The success of “Beer on the Table” led to Thompson’s 2010 major label debut album “Way out Here.” The album’s title track became the singer-songwriter’s next single and second Top 20 hit on Billboard’s Hot Country Songs chart, also crossing over to the Hot 100 pop survey. There have been countless songs inspired by Hank William Jr.’s anthem “A Country Boy Can Survive.” “Way Out Here” is one of the best. It features a sing along chorus closing with the memorable line, “We're about John Wayne, Johnny Cash and John Deere way out here.”

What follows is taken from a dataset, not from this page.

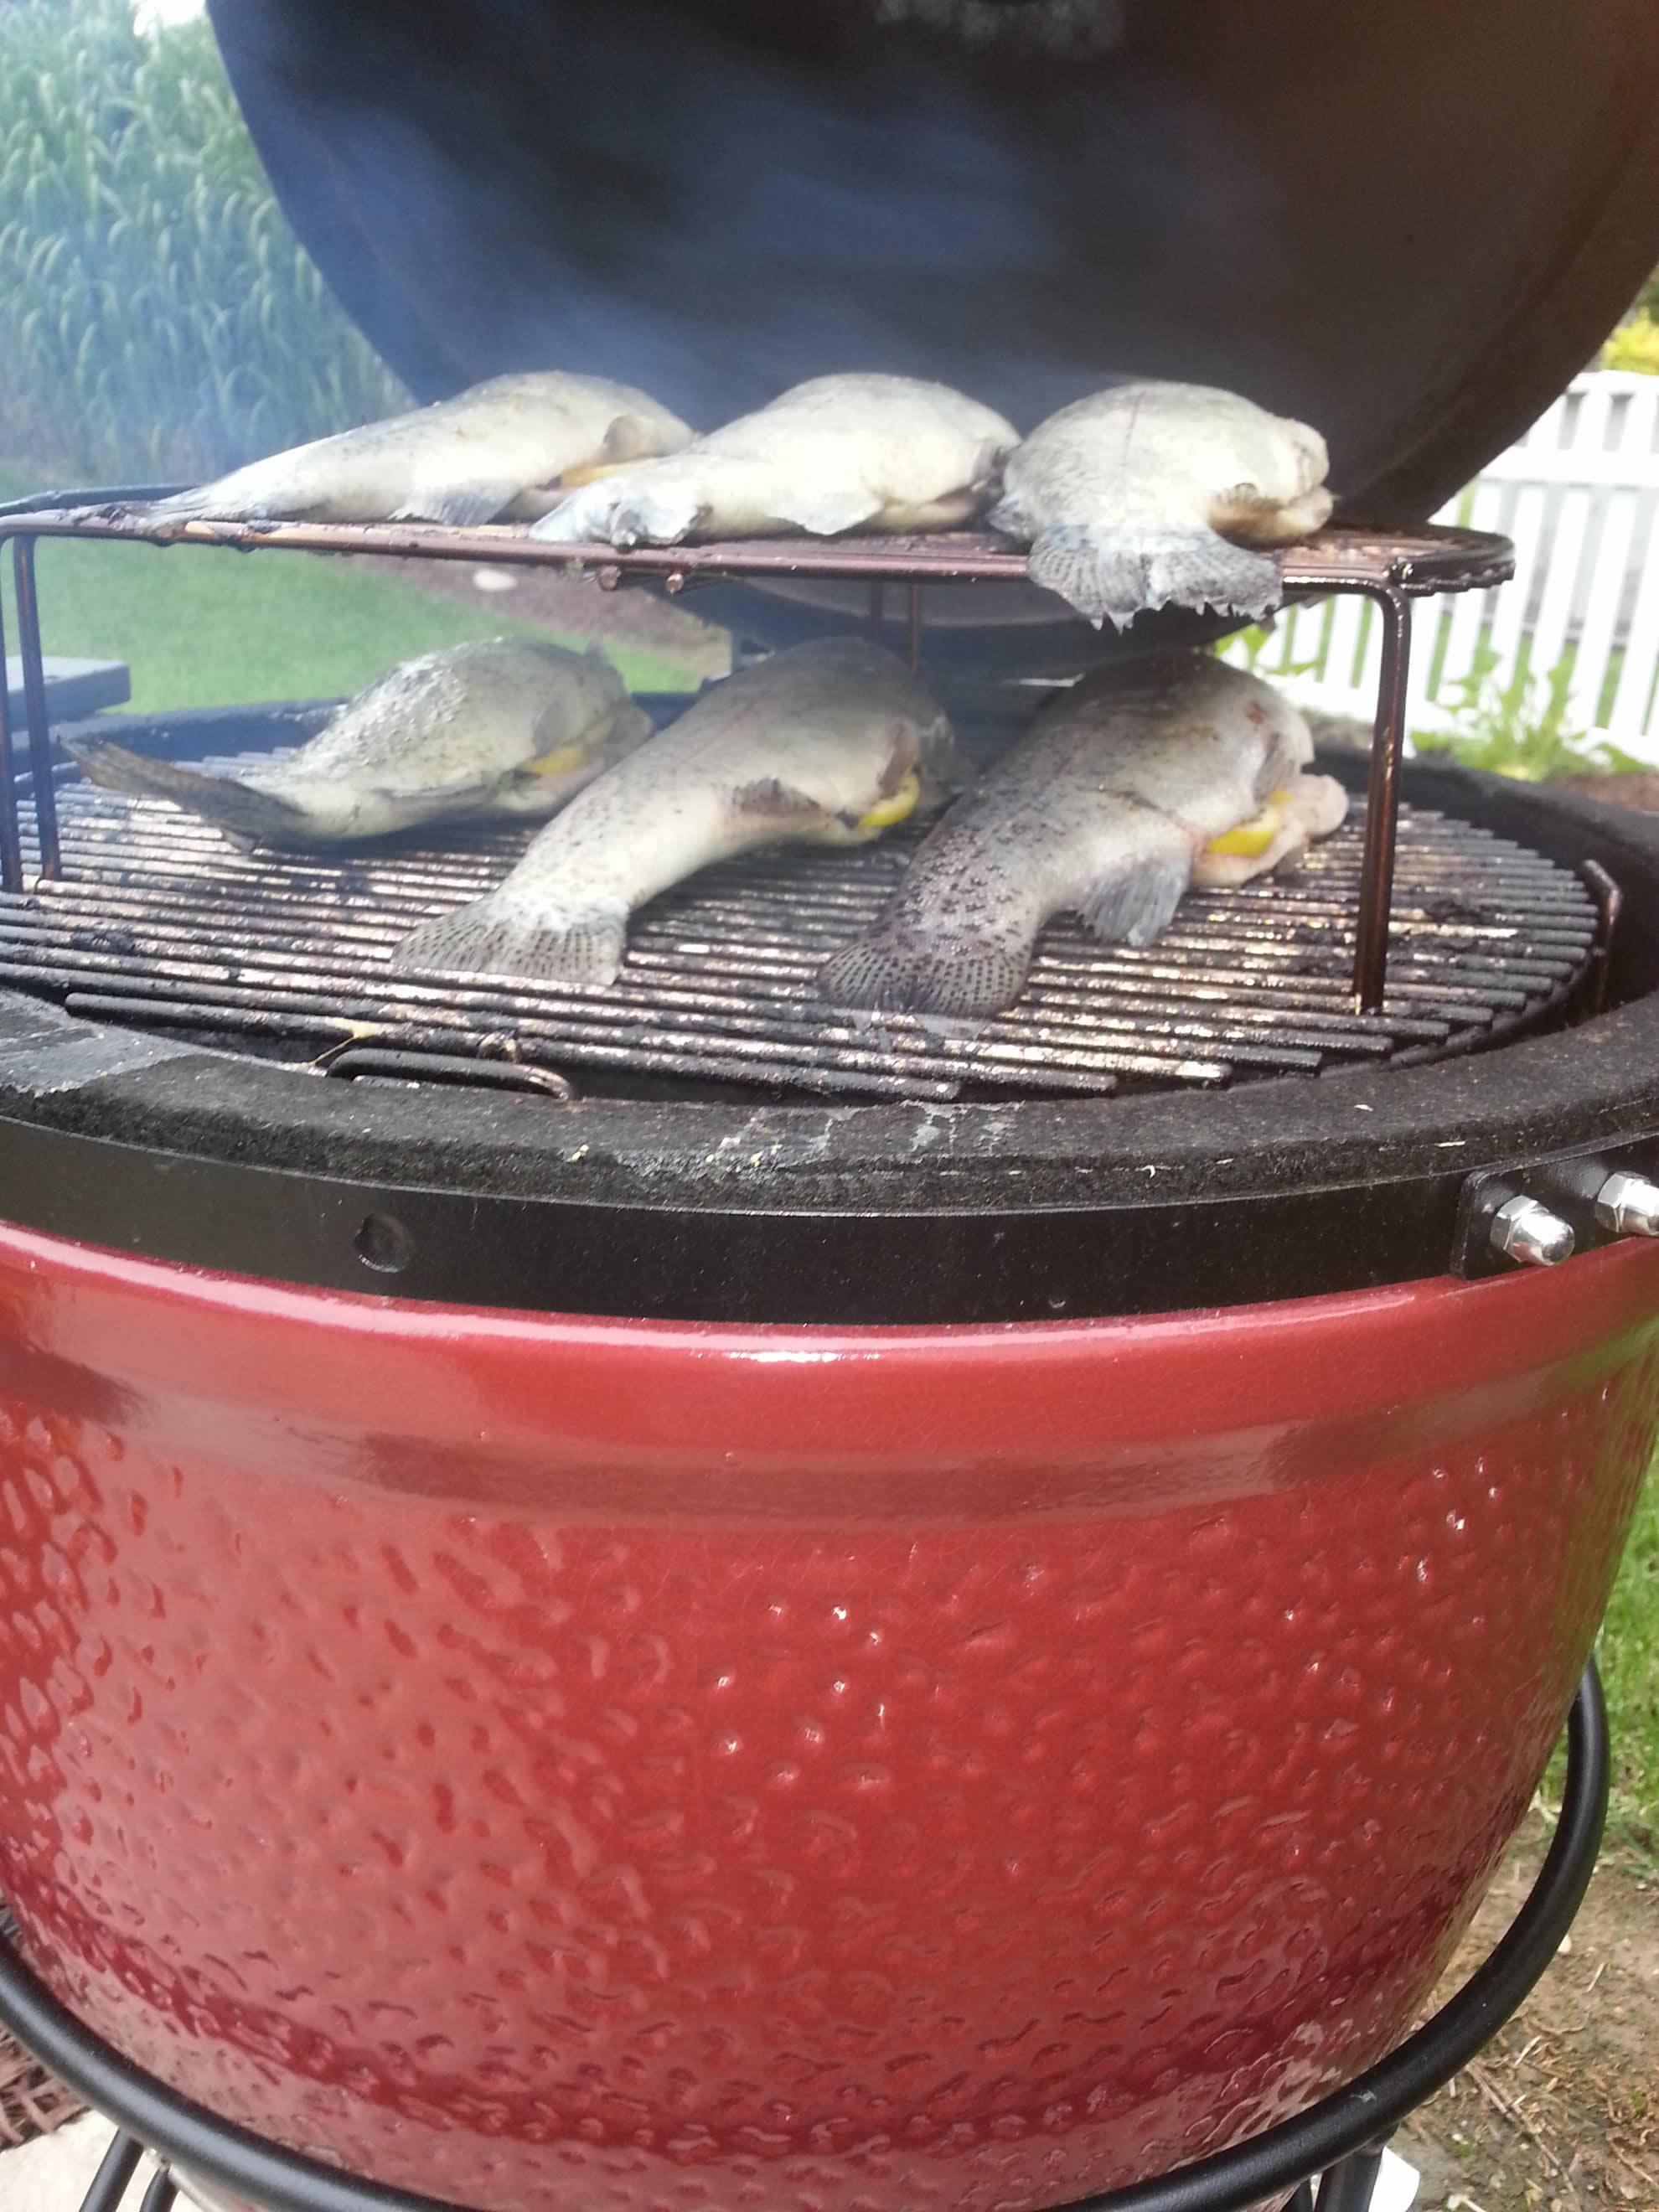 Smoked Fish In The Kamado Joe Ceramic Grill Chesterfield Mo

“It’s one of those things that just fell out in the right place at the right time,” Thompson said of the lyric. “It was definitely one of those light bulb moments where you go, ‘Hey, that’s cool.’”

Another country music icon gets the tribute treatment on the boot-stomping “Blame it on Waylon.” Thompson credits Waylon Jennings, a pioneer of the Outlaw Country movement of the 1970s, for his “don't care attitude and long hair and meaning every damn word I'm singing.”

“I think I was like 15 when I started digging old country and I heard Waylon and I guess there was just something infectious about the beat, his songs just stuck,” Thompson said. “Then I started learning the stories, about these guys spending late nights at honky tonks and you want to experience that, too.”

The album “Way Out Here,” which cracked the Top 10 on Billboard’s country chart, received a third boost with the single “Won’t Be Lonely Long.” It starts out as a tear-in-the-beer ballad but quickly picks up speed and becomes a party declaration with a lesson: Don’t dump your man “at seven o'clock on a Friday night;” because he will go out to the nearest bar, drink a bunch of beer and have a good time.

“That was personal,” Thompson said. “Just about getting broken up with on a Friday night and how awesome it can be.”